“I will, Tinker Bell. I will.”
His promise made, she pushed her hair back from her face. “Jas?”
“Yeah?”
“I know you’re busy—”
“I’m never too busy for you.”
“Can you talk to me for a while?”
“About anything in particular?”
She shook her head. “I don’t care.”
“Could I do it somewhere other than here, or is it important that I be on my knees?”
She laughed and rolled her eyes before taking up his hand and towing him over to the small couch in her sitting area. She pushed him back into the fluffy cushions and sat down beside him, worming her way under his arm and settling her head against his shoulder. His shirt was going to get wet, and he didn’t care.
Jasper told her about the deal he should have been negotiating, leaving that part out, and though he thought it would intrigue her about as much as watching paint dry, she asked him questions and seemed interested. After a while, her questions came farther apart and then stopped altogether. She’d fallen asleep, her deep even breaths misting hot on his chest, a spot of drool seeping through his shirt.
He maneuvered his phone out of his pocket without waking her, sent a few emails to the people he would’ve pissed off and then sat back, taking comfort in her ease until it got dark.
Chapter Ten
September
“No. Fuck you.”
He’d known she wouldn’t be thrilled about the idea, but he hadn’t quite imagined this. Probably he was a lunatic, as Keyne had called him a few minutes before. It’s possible he could’ve come up with a better way to introduce the idea that wouldn’t have resulted in her storming out of the library and to her room. Too late for that, it was time for damage control.
“Keyne—”
“Did I stutter? Go to hell, there’s no way.”
He fought to keep his hands by his sides instead of scrubbing them through his hair. This girl was maddening. Had he been this insensible as a teenager? He didn’t think so, but then again he’d probably been off making even more trouble while their parents had been dealing with toddlers Gavin and Keyne. She’d been as stubborn then, too.

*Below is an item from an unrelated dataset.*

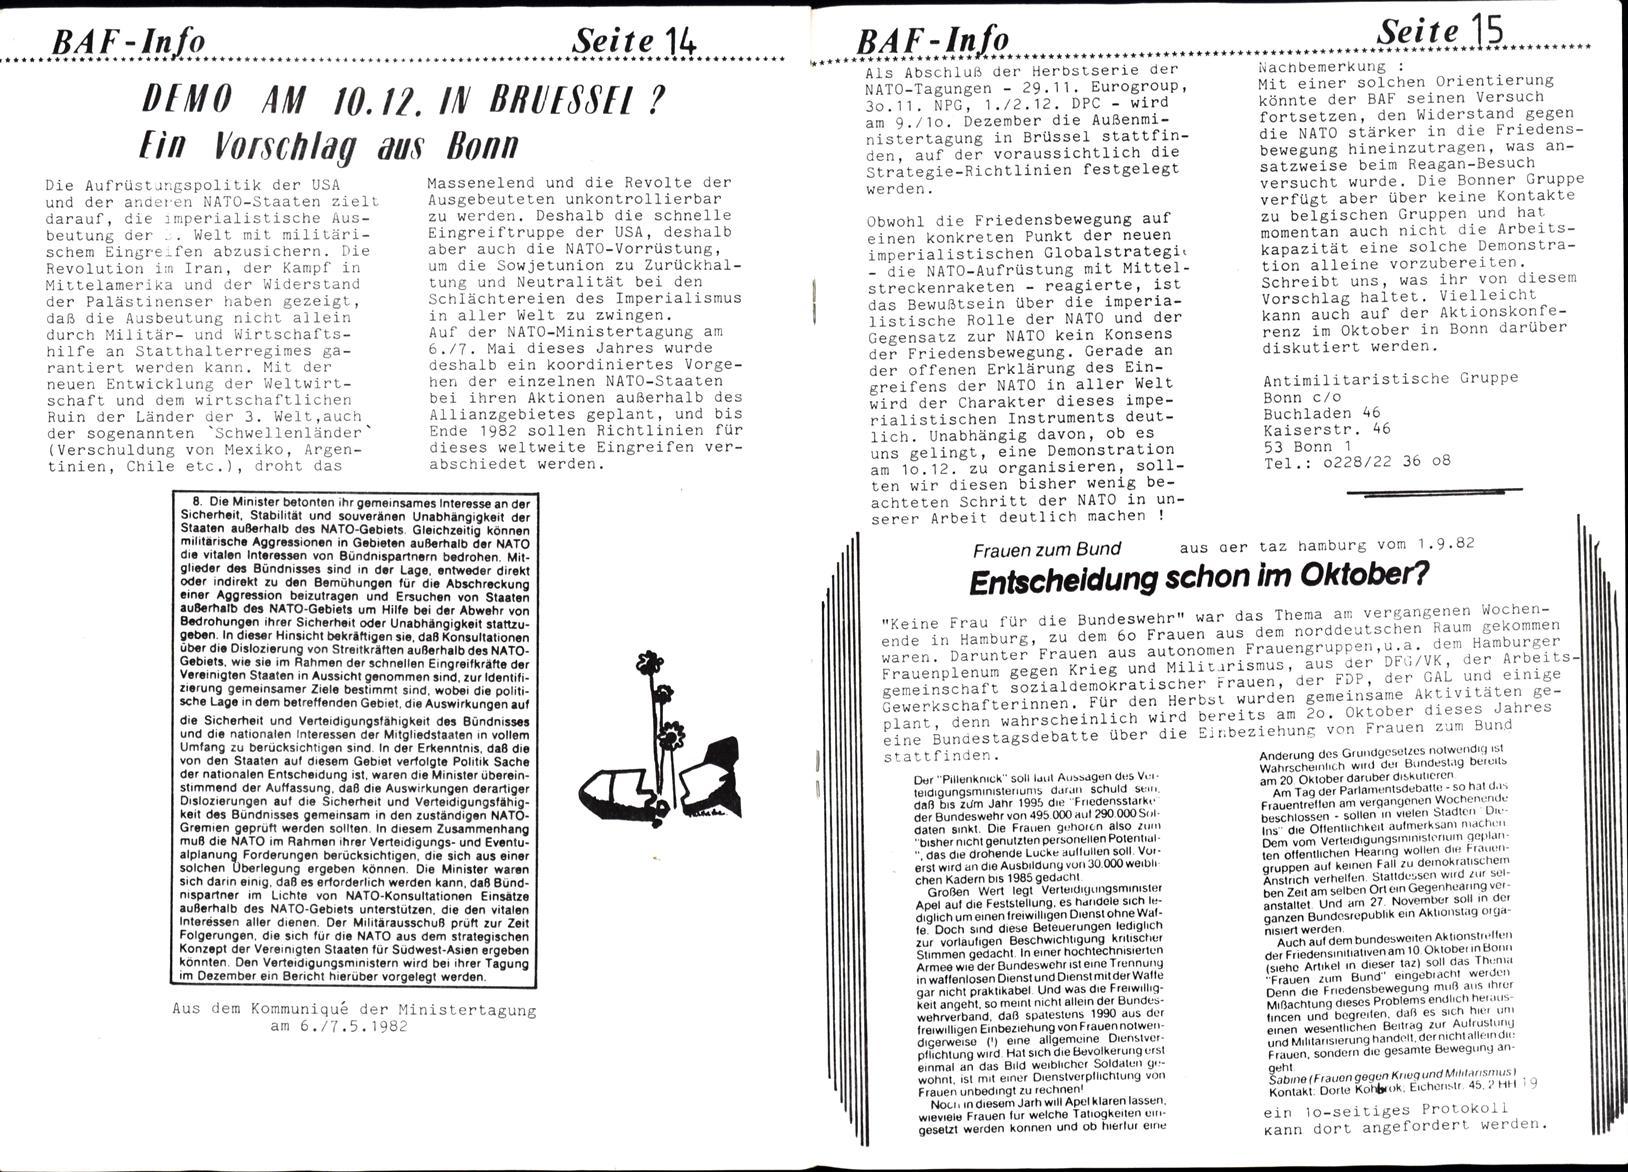 BAF_Info_01_19820900_08

“Look. I think this will help.”
“And I think you can shove it.”
Had she talked this way to Bill and Marcy? He couldn’t dig up any memories of it if she had, but then again, they’d been indulgent parents. He’d always enjoyed that about his own parents growing up, but now he questioned their wisdom. Also, how was it Gavin had been a happy-go-lucky puppy dog and Keyne had turned into a hellcat?
Again, he thudded his head against her bedroom door. “Can we talk about this, please? Like rational people?”
When the door flew open, he nearly fell into her room, but caught himself in time, and there she was, looking like an enraged fairy. Not the cute ones, either. The ones that were said to wreak havoc on human lives. Well, she’d certainly wreaked havoc on his.
“I will discuss this like a rational person when you treat me like one, instead of a small child.”
Right, because you’re definitely not acting like a child at this very goddamn second. Luckily, he was far back enough from the frame she didn’t hit him with the door when she slammed it in his face.
He sighed and levered himself onto the floor, trying to find a comfortable way to sit on the runner and the wood, because this was going to take a while. Once he’d made himself at home—knees spread with his elbows resting on top, back against the door—he tried again.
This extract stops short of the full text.